In my first post on this blog back on January 16, 2011, I remarked:
“I find myself a little aimless, but not ready to mothball my ships. To help focus my attention, I plan to blog about goals, thoughts, and observations around the game.”
The blog has subsequently helped direct my play, possibility feeding into my Solo game a similar influence that people’s corporations or alliances might. It worked for a decade.
Over the next 1,180+ posts there have been three other underlying themes which crop up.
The first was that I don’t really enjoy social and competitive online games. I try to play them however to help combat my natural inclination towards being a hermit. The older I have gotten, the harder that is.

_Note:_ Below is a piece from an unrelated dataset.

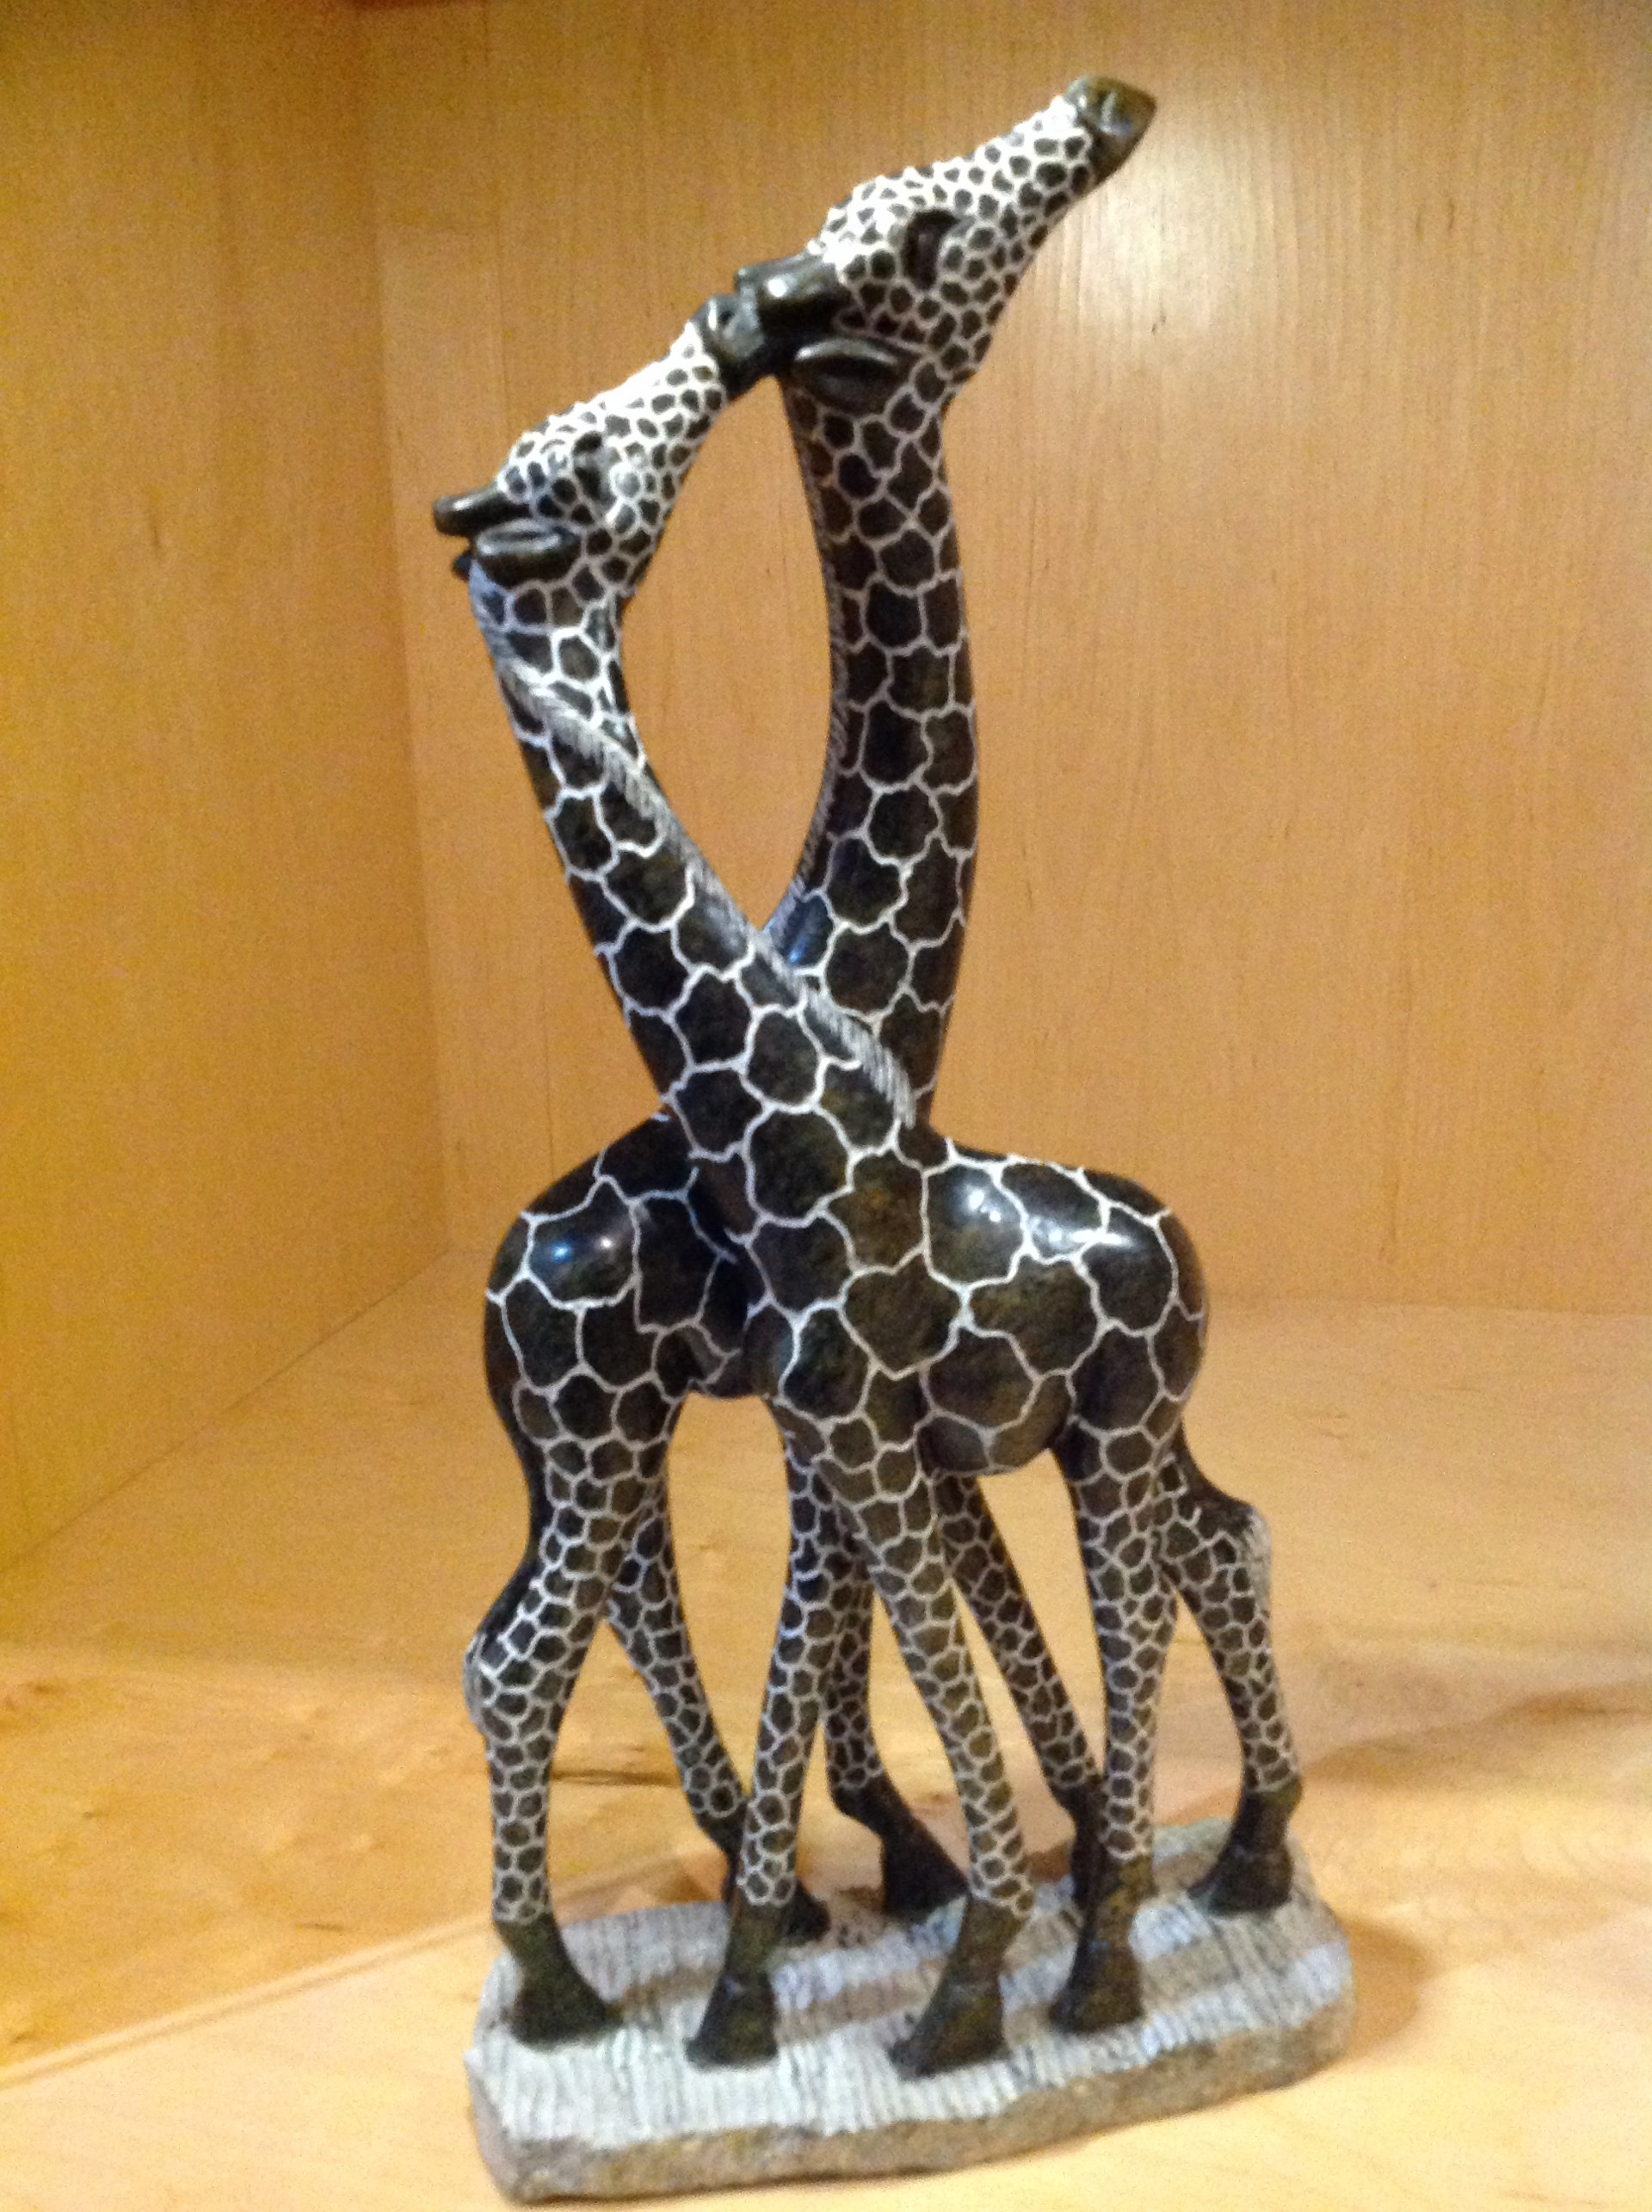 """Kissing Giraffes by Stone Of Shona Lloyd Ngwaru"

The second was that my life is impacted by anxiety, but that EVE offered up a cathartic distraction and downtime for my mind away from Real Life.

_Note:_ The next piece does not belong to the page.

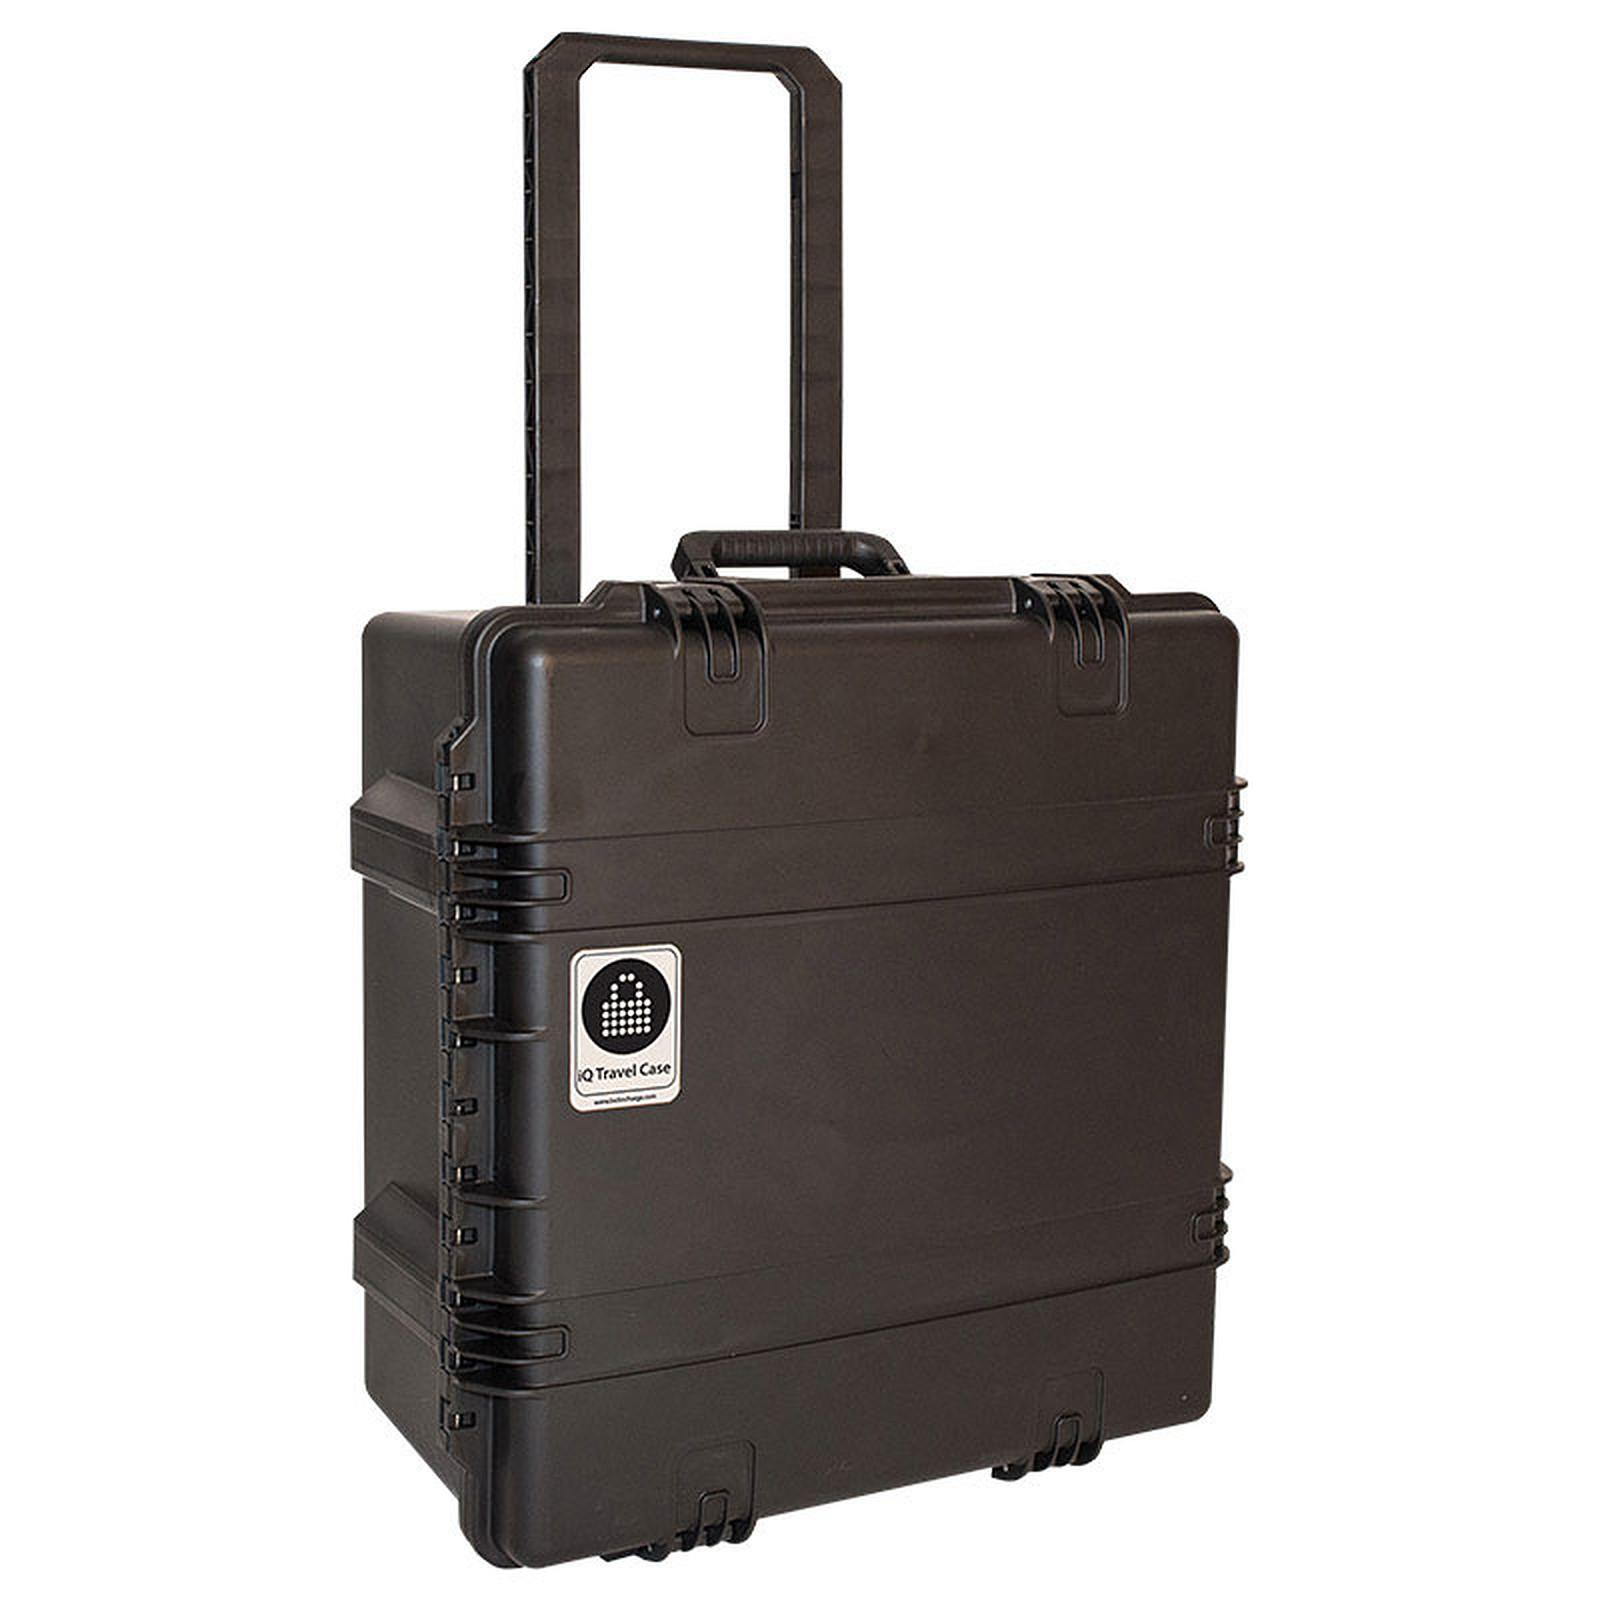 Lockncharge iQ Travel Case 20

And third, hopefully without oversharing, was how Real Life intrinsically impacts on my EVE play. In that way I have tried to mimic the example of other bloggers I have followed over the years – in how they humanize the EVE player and attempt to remind us of the complex nuances behind the actions and behaviours in game.
All EVE players are linked like that – motivations to play, benefits, costs, and an ever-present influence of their real life.

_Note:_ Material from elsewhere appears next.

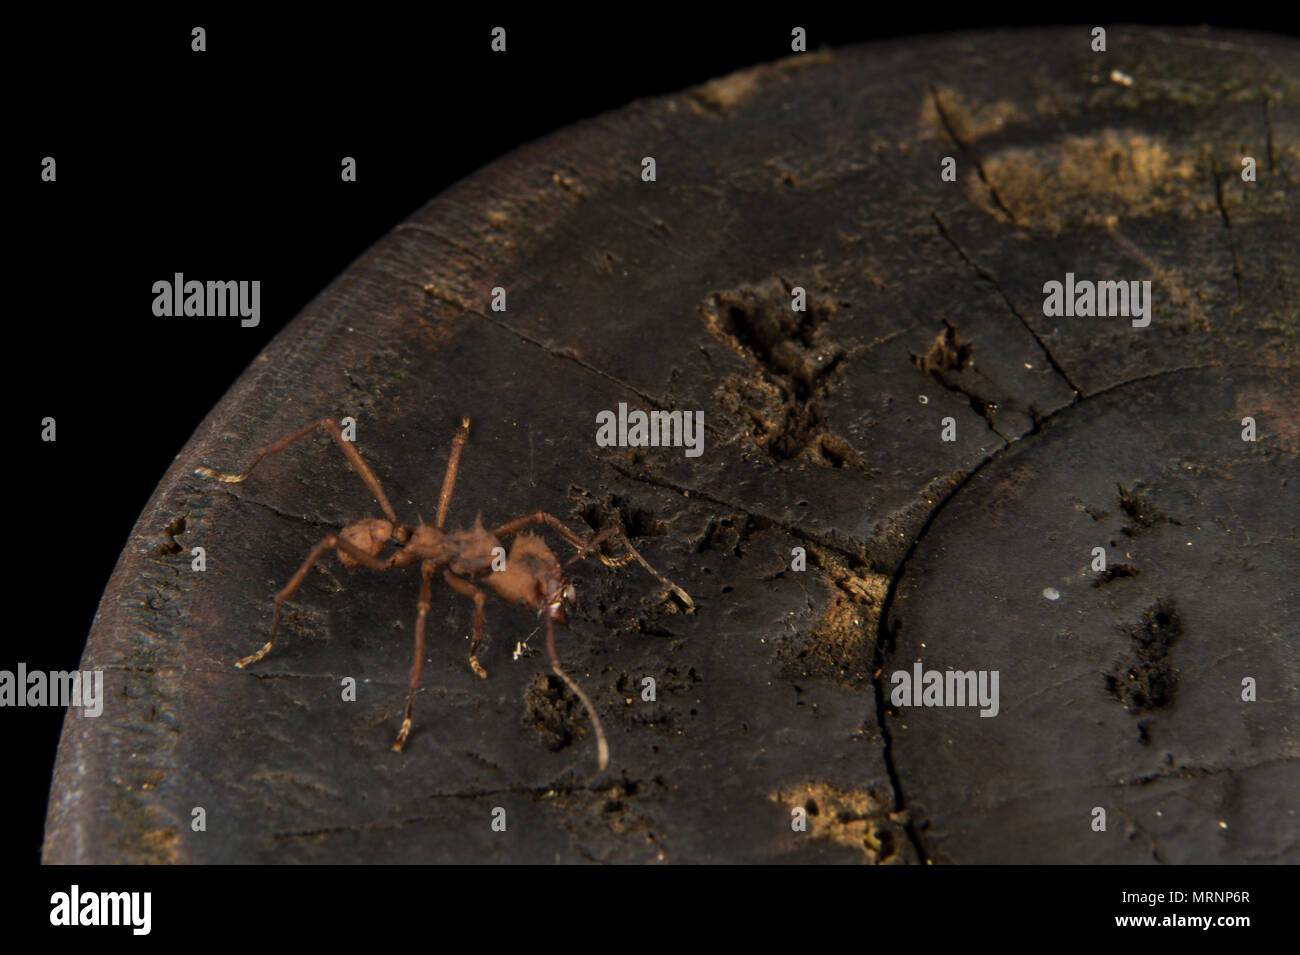 Leaf-cutter ant, Atta sp., Formicidae, Carara National Park, Costa Rica Stock Photo

My life is currently far busier than I could have imagined dealing with. This year in particular has belittled my attempts to maintain a semblance of balance. I can’t say I am terribly happy about it, but I have not been overwhelmed, and am managing to maintain a glass half full instead of half empty mindset.
I do however miss EVE. Not so much the game itself – I log in occasionally to spin a ship. I miss its old ability to steal my mind away from the busyness and stress of real life. The escape. I blame CCP in part for this. Their focus on making people play EVE the way their statistics suggest earns them the most money. I have tried replacing the gap it has left – but so far have not found anything.